[Material provided]
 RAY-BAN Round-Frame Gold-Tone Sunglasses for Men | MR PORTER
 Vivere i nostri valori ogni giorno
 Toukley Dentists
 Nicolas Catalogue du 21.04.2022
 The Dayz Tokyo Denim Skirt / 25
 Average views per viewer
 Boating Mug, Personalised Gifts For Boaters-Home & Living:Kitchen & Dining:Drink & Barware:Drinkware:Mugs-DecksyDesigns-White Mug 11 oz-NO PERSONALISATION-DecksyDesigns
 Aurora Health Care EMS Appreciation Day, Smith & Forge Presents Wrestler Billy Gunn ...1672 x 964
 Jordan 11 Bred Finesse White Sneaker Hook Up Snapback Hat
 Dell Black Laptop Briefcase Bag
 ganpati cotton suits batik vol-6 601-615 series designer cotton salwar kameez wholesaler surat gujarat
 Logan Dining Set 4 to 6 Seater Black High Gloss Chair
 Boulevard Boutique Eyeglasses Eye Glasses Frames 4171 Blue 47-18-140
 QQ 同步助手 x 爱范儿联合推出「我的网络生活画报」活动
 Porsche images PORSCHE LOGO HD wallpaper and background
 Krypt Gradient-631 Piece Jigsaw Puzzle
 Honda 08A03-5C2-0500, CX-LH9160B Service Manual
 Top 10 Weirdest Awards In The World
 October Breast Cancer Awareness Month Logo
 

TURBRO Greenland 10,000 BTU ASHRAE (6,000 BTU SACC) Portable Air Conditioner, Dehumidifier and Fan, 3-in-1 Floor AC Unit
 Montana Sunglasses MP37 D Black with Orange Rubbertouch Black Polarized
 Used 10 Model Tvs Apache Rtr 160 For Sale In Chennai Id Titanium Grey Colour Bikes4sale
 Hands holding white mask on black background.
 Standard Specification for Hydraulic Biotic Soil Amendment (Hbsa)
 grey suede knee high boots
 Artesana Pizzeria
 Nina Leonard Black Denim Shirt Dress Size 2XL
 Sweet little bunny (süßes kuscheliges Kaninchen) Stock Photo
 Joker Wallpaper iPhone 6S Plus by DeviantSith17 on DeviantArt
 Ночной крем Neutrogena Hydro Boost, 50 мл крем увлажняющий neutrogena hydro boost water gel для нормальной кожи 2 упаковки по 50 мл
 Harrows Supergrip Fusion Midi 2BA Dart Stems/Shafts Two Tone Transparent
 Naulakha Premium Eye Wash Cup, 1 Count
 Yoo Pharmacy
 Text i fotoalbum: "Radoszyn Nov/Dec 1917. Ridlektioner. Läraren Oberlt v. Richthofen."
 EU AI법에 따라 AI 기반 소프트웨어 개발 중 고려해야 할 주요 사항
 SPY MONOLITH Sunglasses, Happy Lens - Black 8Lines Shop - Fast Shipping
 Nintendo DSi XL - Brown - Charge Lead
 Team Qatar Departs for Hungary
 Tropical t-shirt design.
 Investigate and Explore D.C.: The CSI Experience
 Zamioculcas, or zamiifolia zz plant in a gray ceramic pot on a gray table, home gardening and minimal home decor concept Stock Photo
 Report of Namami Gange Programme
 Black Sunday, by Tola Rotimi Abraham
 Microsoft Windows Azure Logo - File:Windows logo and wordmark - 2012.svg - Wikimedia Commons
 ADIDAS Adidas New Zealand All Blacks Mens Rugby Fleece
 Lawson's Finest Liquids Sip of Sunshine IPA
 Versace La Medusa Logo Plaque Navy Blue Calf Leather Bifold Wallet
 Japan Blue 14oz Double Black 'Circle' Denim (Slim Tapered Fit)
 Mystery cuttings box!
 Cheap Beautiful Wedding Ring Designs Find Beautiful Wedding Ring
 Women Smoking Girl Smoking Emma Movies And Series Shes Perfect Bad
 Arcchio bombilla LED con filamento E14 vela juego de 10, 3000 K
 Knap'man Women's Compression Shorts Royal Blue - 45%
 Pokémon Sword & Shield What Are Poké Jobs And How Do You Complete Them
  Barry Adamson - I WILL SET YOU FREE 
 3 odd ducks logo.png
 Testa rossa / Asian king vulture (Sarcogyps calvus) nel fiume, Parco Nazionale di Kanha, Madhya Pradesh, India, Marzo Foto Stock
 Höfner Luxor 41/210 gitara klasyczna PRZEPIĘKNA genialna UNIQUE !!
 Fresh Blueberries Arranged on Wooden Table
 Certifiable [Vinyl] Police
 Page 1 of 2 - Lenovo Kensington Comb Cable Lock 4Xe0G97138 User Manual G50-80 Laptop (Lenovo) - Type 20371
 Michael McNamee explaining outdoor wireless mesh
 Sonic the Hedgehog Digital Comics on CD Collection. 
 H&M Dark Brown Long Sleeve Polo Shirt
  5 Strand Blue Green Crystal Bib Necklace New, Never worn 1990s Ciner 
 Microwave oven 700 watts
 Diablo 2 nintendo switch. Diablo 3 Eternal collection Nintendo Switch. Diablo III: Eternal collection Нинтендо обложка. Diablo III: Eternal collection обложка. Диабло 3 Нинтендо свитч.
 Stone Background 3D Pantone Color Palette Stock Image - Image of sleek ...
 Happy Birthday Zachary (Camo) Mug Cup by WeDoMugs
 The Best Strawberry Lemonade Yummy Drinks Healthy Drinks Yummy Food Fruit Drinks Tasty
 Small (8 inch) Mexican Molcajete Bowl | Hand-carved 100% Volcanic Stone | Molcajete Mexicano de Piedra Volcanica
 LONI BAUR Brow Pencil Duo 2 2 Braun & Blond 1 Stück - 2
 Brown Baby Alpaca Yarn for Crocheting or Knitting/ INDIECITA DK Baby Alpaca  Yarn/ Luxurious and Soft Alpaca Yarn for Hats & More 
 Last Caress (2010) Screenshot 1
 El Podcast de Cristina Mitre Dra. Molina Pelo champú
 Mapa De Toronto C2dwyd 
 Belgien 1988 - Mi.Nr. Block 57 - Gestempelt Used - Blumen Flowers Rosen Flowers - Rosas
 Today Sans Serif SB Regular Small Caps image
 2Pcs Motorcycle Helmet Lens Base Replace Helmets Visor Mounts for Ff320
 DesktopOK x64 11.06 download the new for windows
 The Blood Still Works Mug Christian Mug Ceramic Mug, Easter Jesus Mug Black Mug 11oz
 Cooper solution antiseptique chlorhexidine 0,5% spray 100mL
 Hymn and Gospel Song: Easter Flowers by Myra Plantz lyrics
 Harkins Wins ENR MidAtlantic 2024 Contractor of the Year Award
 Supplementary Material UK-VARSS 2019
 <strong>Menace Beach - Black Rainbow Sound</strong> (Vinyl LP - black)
[/Material provided]
▶ [What is needed] Out of the material above, output word for word the line with "Harrows Supergrip Fusion", the line with "Team Qatar Departs for Hungary", and all lines between them, with nothing else.

▶ [Result below]
 Harrows Supergrip Fusion Midi 2BA Dart Stems/Shafts Two Tone Transparent
 Naulakha Premium Eye Wash Cup, 1 Count
 Yoo Pharmacy
 Text i fotoalbum: "Radoszyn Nov/Dec 1917. Ridlektioner. Läraren Oberlt v. Richthofen."
 EU AI법에 따라 AI 기반 소프트웨어 개발 중 고려해야 할 주요 사항
 SPY MONOLITH Sunglasses, Happy Lens - Black 8Lines Shop - Fast Shipping
 Nintendo DSi XL - Brown - Charge Lead
 Team Qatar Departs for Hungary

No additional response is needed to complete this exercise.